"Still," said Mrs. Esmond, "the pay cannot be very high, and it must be a wild country."

"It is quite sufficient for a lonely man, and now Grace—"

He stopped abruptly, a trifle flushed in face, and his companion smiled at him.

"Yes," she said, "I understand, and if it happens as we both wish I shall be content. Geoffrey has been a good son, but I could not expect to keep him always to myself—and I would rather it should be Grace than any one else."

"Thank you!" said Coulthurst simply. "Whether I have done right in allowing her to come here I do not know. In any case, I never suspected what might happen until a month ago. Then I was a trifle astonished, but the mischief was done."
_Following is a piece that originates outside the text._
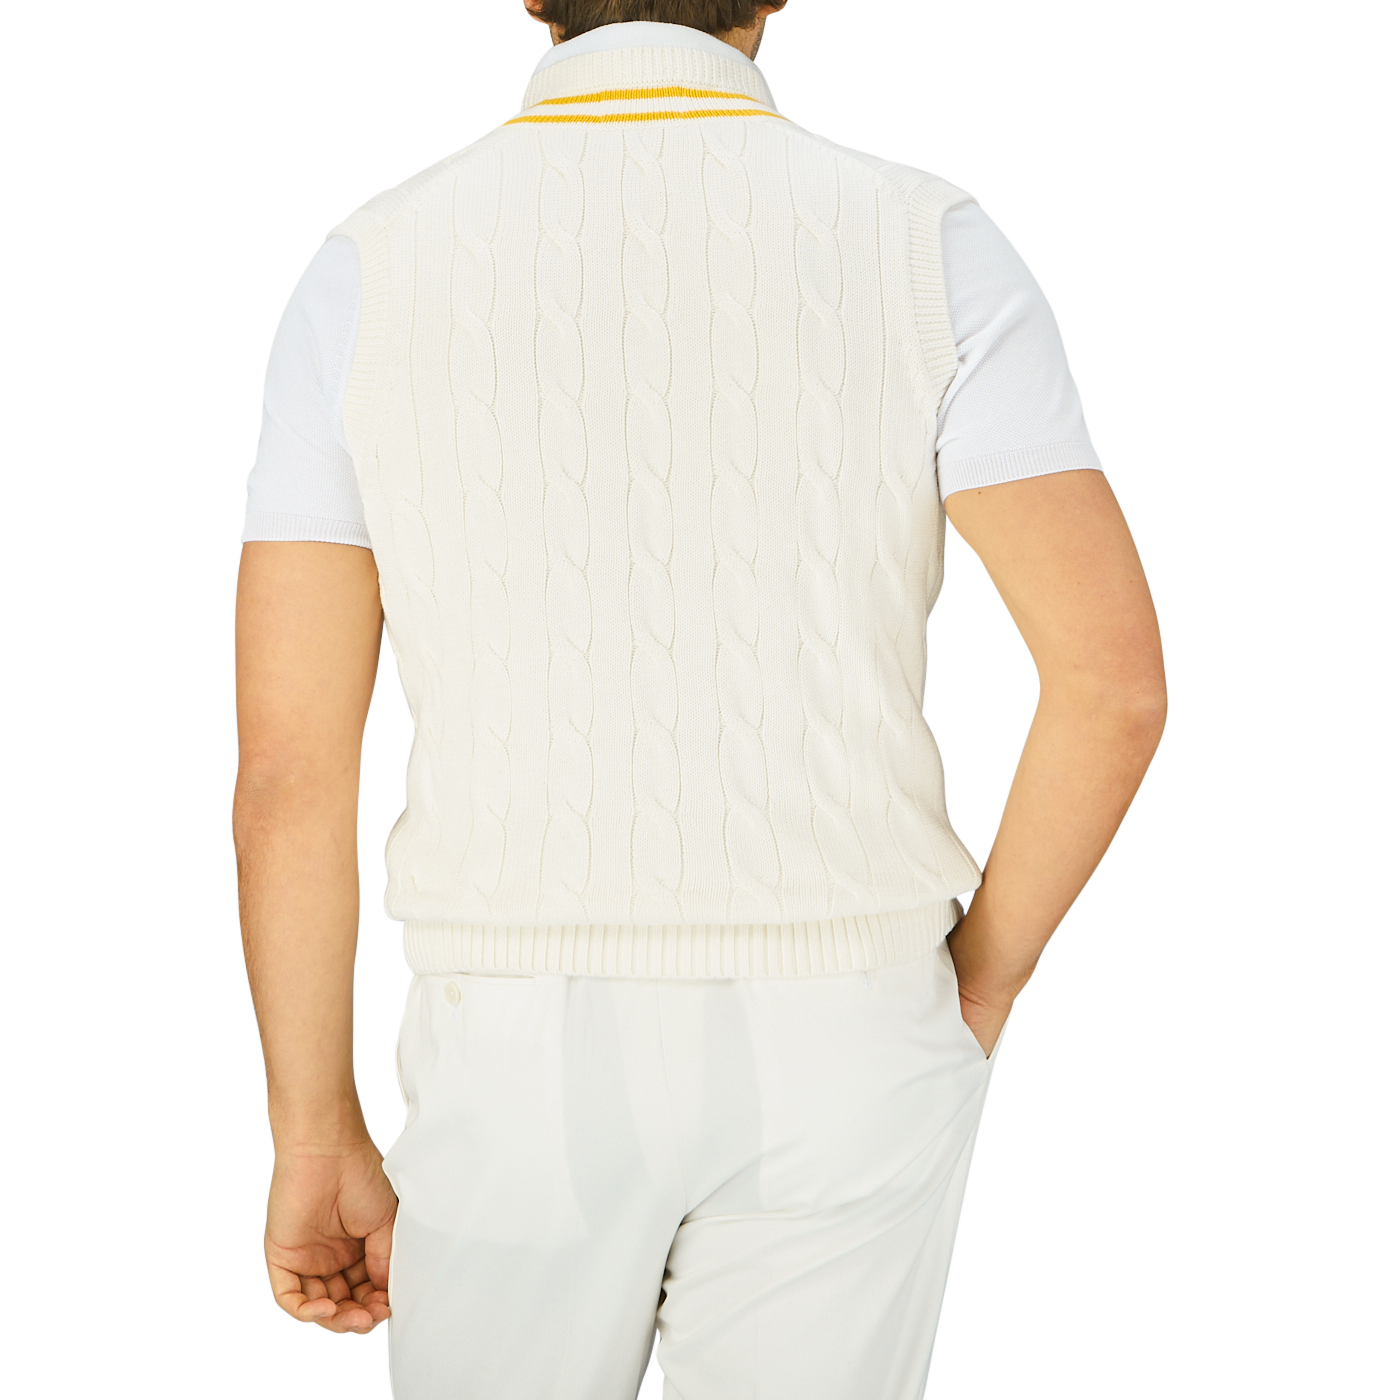 A person seen from behind wearing an Off-White Yellow Striped Cotton Cricket Slipover by Alan Paine and white trousers.

Mrs. Esmond laughed, "You might have expressed it more happily, though it is perhaps only natural that there was a day or two when I would not have found fault with you."

Coulthurst said nothing further, but his thoughts were busy. He knew better than most men what life in the newer lands is, and he had no desire that Grace should share it with him. What she thought of Esmond he did not know; but the latter had told him what he thought of her, and his mother was, it seemed, content with the choice he had made. A good deal depended on the girl's fancy.

They had turned again when she came towards them across the lawn as though she did not see them, until, hearing their footsteps, she stopped abruptly. Nobody spoke for a moment or two, but she felt their eyes upon her, and the crimson grew deeper in her cheek as she turned to the elder lady.

"I see you know," she said, with a little tremor in her voice. "You will forgive me if he feels hurt over it—but I felt I could not. Geoffrey, of course, is——"

The major groaned inwardly when she stopped, and there was a sudden slight but perceptible change in his companion. Her face lost its usual gentleness, and became for a moment not hard or vindictive, but impressively grave.